Before we dive into the negative stuff, I want to highlight the psychology of rate cuts here again from an update back in March. Because it is important to understand that the RBA wants you to spend and borrow more when they cut the rate, because that produces economic activity, which helps them achieve their inflation and other economic targets.



Its all the little things that add up



Sentiment has seen a sudden shift to positive after the Liberal’s won in a shock win federal election.


Auction clearance rates are bouncing up, real estate agents’ phones are buzzing again, banks are receiving more applications, reserve prices at auctions are being exceeded and open homes are getting busier.


This is a very positive shift from consumer points of view, and while I do not want to sound negative, it is important that we look at the wider context to understand the possible things that could put a stop to the optimism and economic goldilocks moment.


1. Apartment supply


At one point Sydney had more cranes than almost anywhere else in the world, and they were all there to help build apartments.


Because so many were built we are now seeing vacancy rates around ~4% which is the highest level in years. And while the number of new building approvals plummeted by around half at the start of the year, the estimates from Core Logic back in August last year saw Sydney alone get a whopping 9.3% increase in apartment supply over a two-year period to late 2020.
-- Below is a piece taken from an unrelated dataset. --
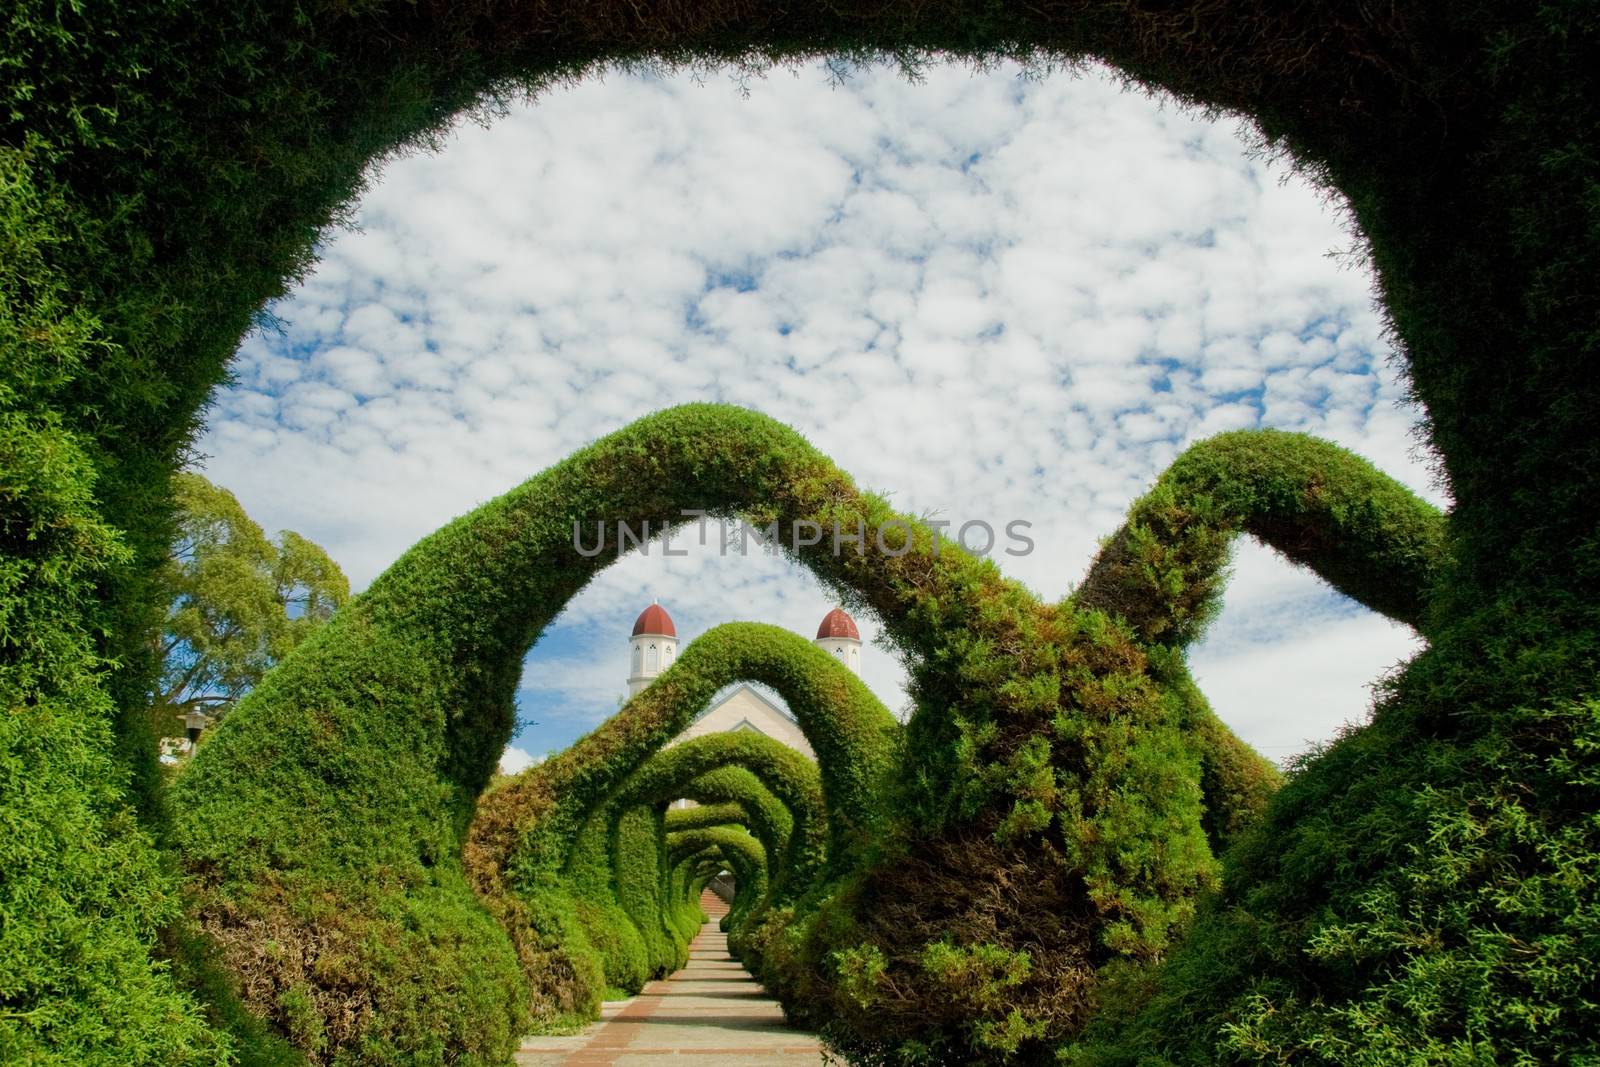 Sculpted juniper bush garden in Zarcero, Costa Rica. Hedges and bushes trimmed to form arches over a path.

This means we already have high vacancy rates for apartments, and that could continue to rise as more are finished and either try to be rented out or sold.
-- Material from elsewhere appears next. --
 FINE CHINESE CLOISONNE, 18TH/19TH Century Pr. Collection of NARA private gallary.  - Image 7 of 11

This will put downward pressure on apartment values and rental yield for investors.

The majority of apartments (~50% in NSW) are owned by investors, they will need to keep lowering rents to get tenants in as it becomes a renters market, and if the investor cant service the mortgage, or are stuck like a mortgage prisoner or have negative equity, then that could result in repossession by the banks and the apartment being sold. Of course, the market it is being sold into has many other apartments for sale at the same time, they will compete on price and overall values will decline.


This could knock onto house prices and contagion to overall property values.



2. Wages


Have you or anyone you know got a decent pay rise over the past few years?
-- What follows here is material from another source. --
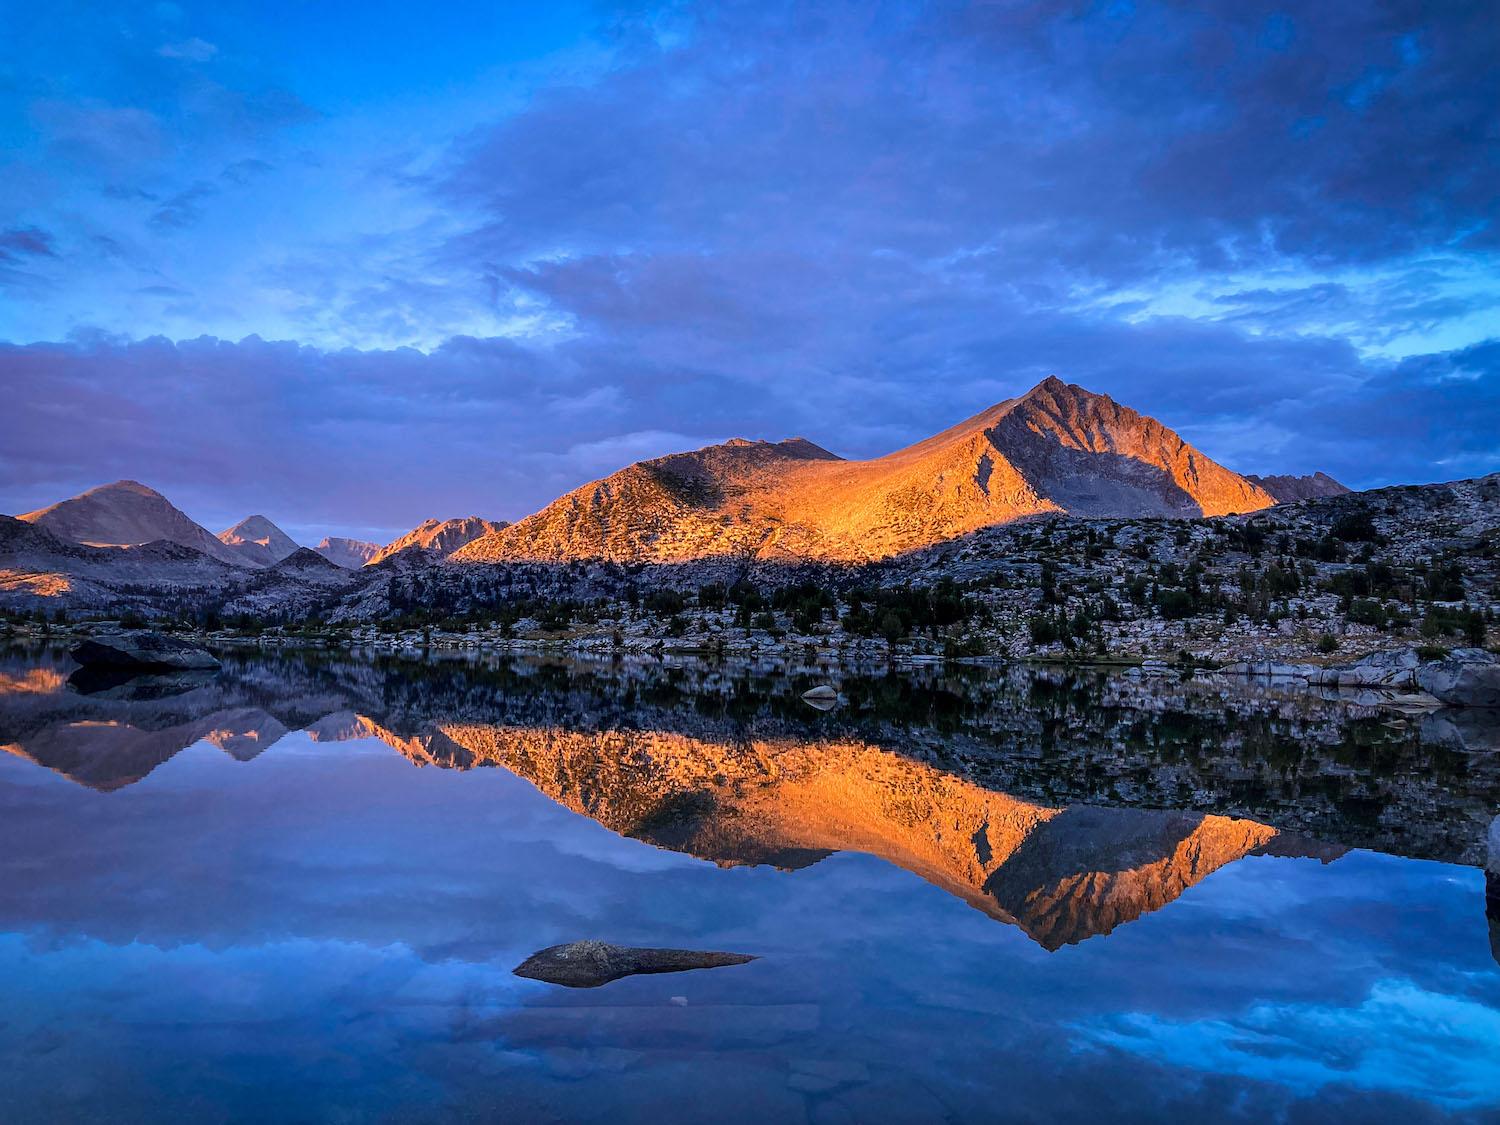 Sunset at Marie Lake along the John Muir Trail - Pacific Crest Trail

If your answer is no, then you are in the majority. Because we have been in a structural wage growth deficit for years now and it is seriously worrying the RBA. But it should also be worrying us, as living expenses continue to rise. This was one of the key drivers for the recent cut, the RBA is attempting to push down the unemployment figure which they hope will boost wage growth as employers throw money at people to get them into jobs.


They also hope this leads to greater household consumption. I’ve argued before that people would likely pay down existing debts than go out and spend big if mortgage rates go down, regardless the RBA wants to get inside your head and get you to spend.



3. Property prices


It is pertinent to remember that in Sydney we have seen a ~15% fall in property prices since the back end of 2017, so any price increases we start to see are part of a ‘recovery’ rather than ‘boom’ in prices.


At the end of 2018 I predicted that we would see the bottom of the market this year, and given the cash rate cuts, recent assessment rate changes and liberals coming to power this looks set to become true as the decline starts to reverse into growth and price recovery.


However, it will likely be a long road (12 – 18 months) of recovery till we see property prices back to peak parity. That is of course if we don’t see a drastic external shock like US/China Trade Wars sending our economy crashing before then.